6. ВТОРАЯ ПОЛОВИНА ДНЯ

Было солнечно. И цвела аквариумная тишина. И гундосила муха в межоконье пустых фрамуг. Лица у всех были — как из желтого пластилина. Разбирали Батюту. Вечером он поднял по тревоге местный хор русских народных инструментов и устроил ему генеральную репетицию, — дирижируя лично. Репетиция продолжалась четыре часа. Голоса были слышны даже в области. К концу ее половина хора забеременела от напряжения, а две впечатлительные колхозницы родили прямо на сцене.

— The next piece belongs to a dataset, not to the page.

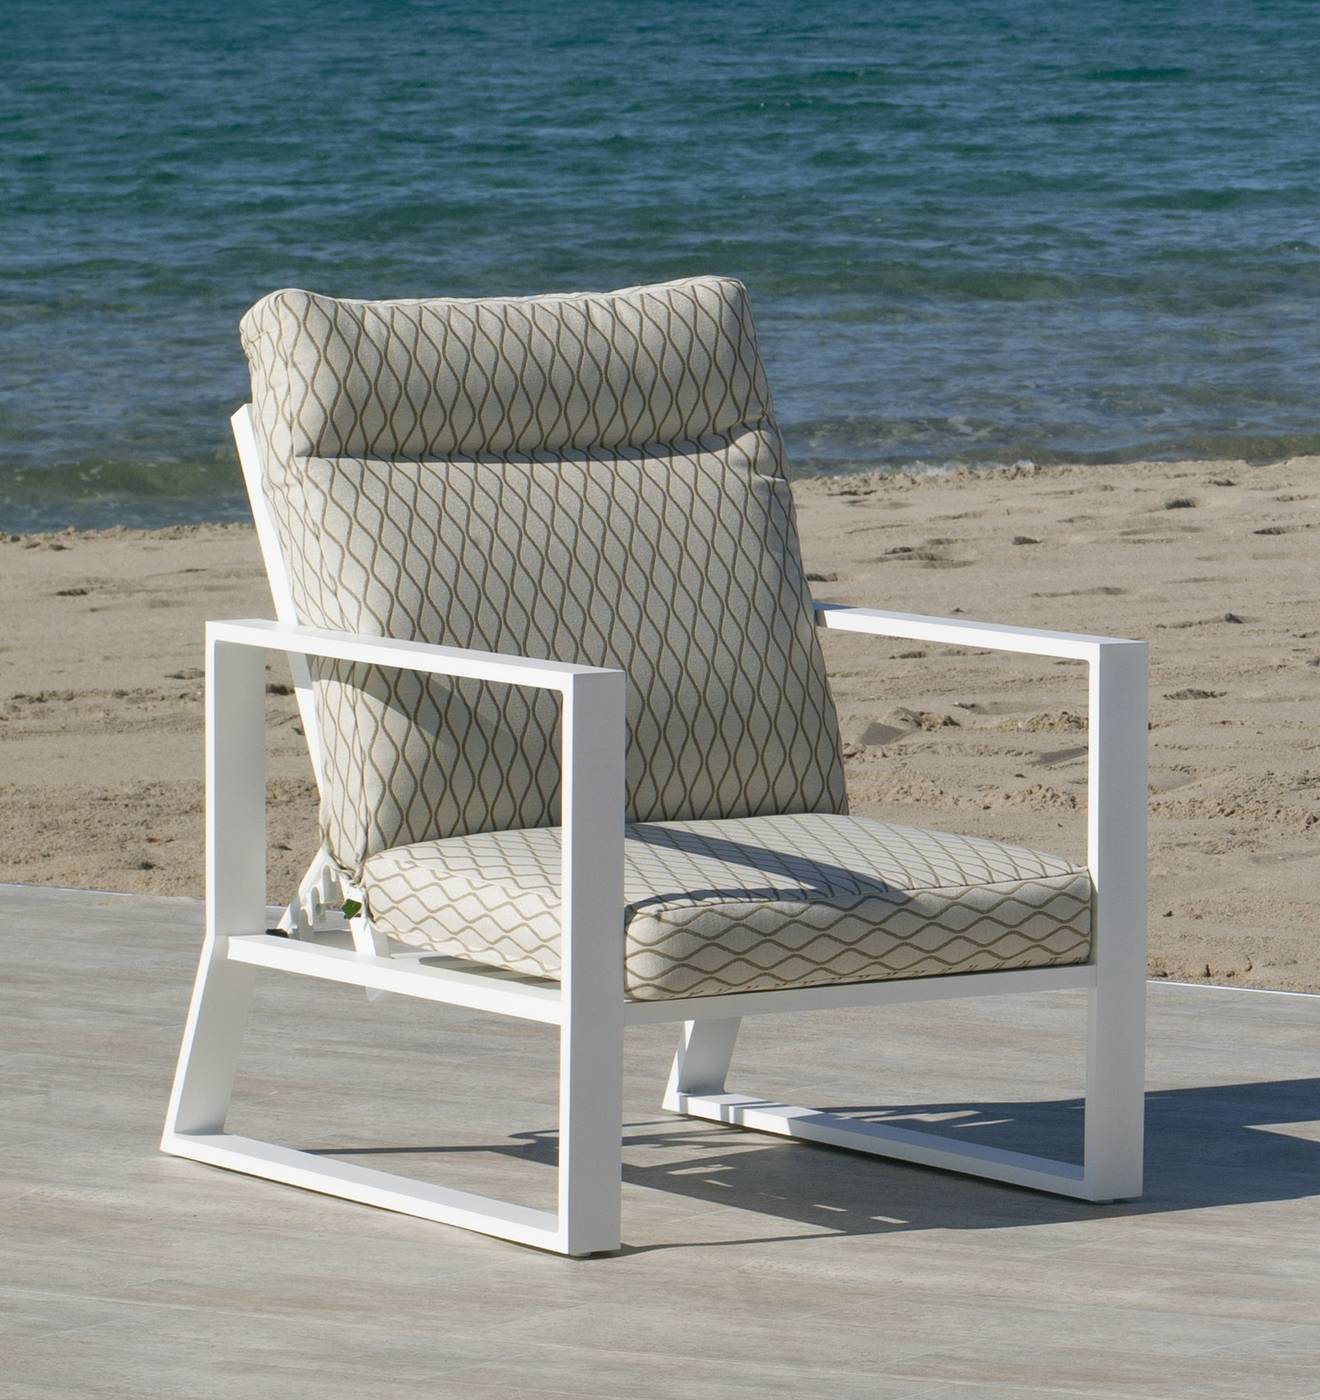 Sillón Aluminio Bolonia-19 - Sillón relax lujo, con respaldo reclinable. Fabricado de aluminio en color blanco, antracita, champagne, plata o marrón.

Маленькие Батюты, оба в квадратных костюмах, в широких провинциальных галстуках, словно коммивояжеры, оглядевшись и прикурив от сигареты отца, тут же потребовали себе должностей в горисполкоме. Очень напористо. Их едва утихомирили. Руководитель хора, отставной полковник, бывший завскладом тары из-под сантехники, с ужасом ощупал свой раздутый живот и строевым шагом направился в клинику, где отдал команду — подготовить все для немедленного аборта. Его без споров госпитализировали.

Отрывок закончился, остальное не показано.